From PerlBuzz: Higher Order Perl available for free (legal!) download. I started reading it and already found some interesting tidbits. It always felt that Perl is more a functional language than an OO one (see this post from chromatic on the same topic) and this book strengthens this idea.

Staying at the topic of Perl for a moment, from taint.org we have How I learnt to love Perl. A good read. From the same blogpost I got the link of Python Makes Me Nervous. Even though I’m no fan of Python, the article is a little overstated. Python does have exceptions, you just don’t have to catch them. And the majority of the problems can’t be codified in a form that your compiler can check (yes, some languages are better than others – but exactly how many of you program in language that has extended support for codifying pre- a postconditions again?), they must be codified in unit tests.

From XKCD comes the following comic (this is very true on multiple levels, not just for highschools):

Via Perlbuzz comes a link to a rant about what not to do in your Perl code.

On the Postgresql Conference page we have links to a lot of videos / recordings / slides about PostgreSQL and other related topics.

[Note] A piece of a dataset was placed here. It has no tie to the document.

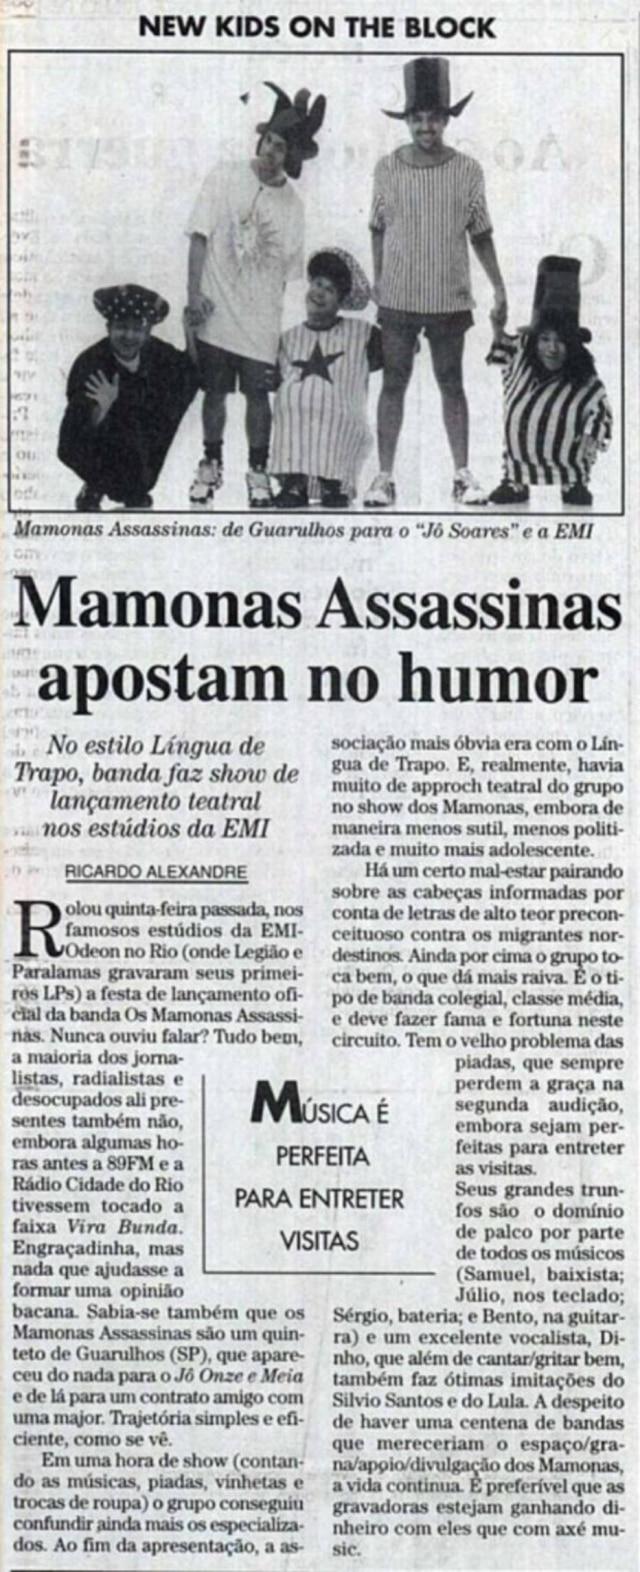 Crítica sobre olançamento dos Mamonas Assassinas

Very useful (please rate the videos if you watch them – many of them don’t have any ratings yet!) Speaking of videos, they are up for HEAtnet conference 2008 (you might know them from the SourceForge mirror list).

From Hosts news comes the following very useful information: Google Diagnostic now reports on entire Networks.

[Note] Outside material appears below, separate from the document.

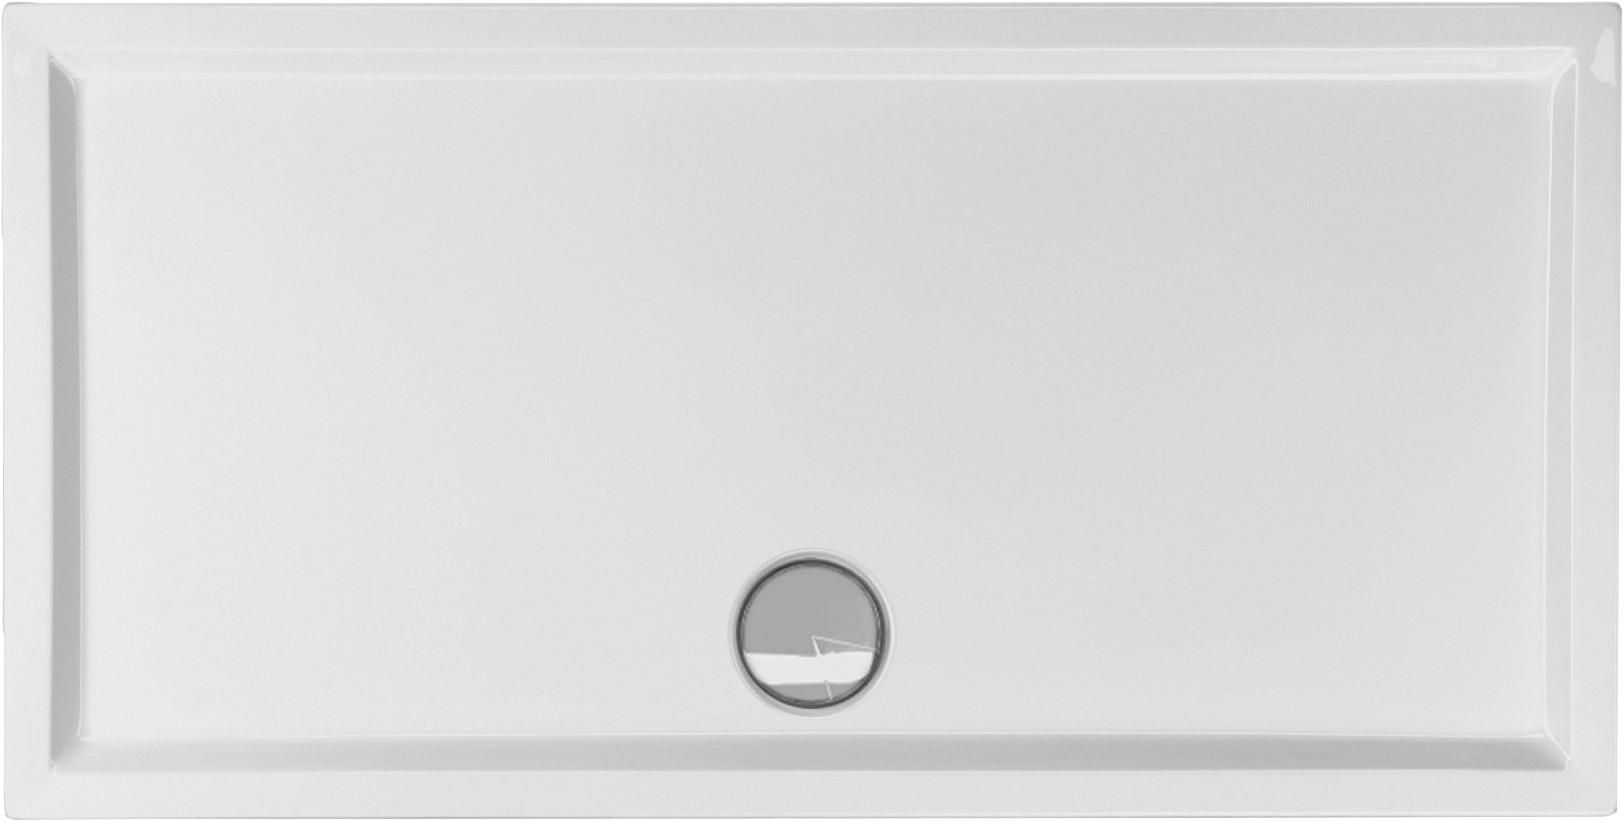 Duschwanne flach 160 x 80 x 4 cm

On the Microsoft SDL blog we have MS08-078 and the SDL. It gives a very good description of the source of the bug (basically the array size was changed, but the variable used to store the upper limit for the iteration was not updated).

From RemkoWeijnen.nl the blog (try typing that without copy-paste) we have a New Universal Patch Method if you need your windows server to accept more than N simultaneous RDP connection (where N is 3 for 2K3 and 2 for 2K8 if I remember correctly). It always ticks me off when a company limits a product not for technological but for sales reasons. So I use Linux :-). But it is nice to have options (although probably they are in the gray zone from a legal stand point probably).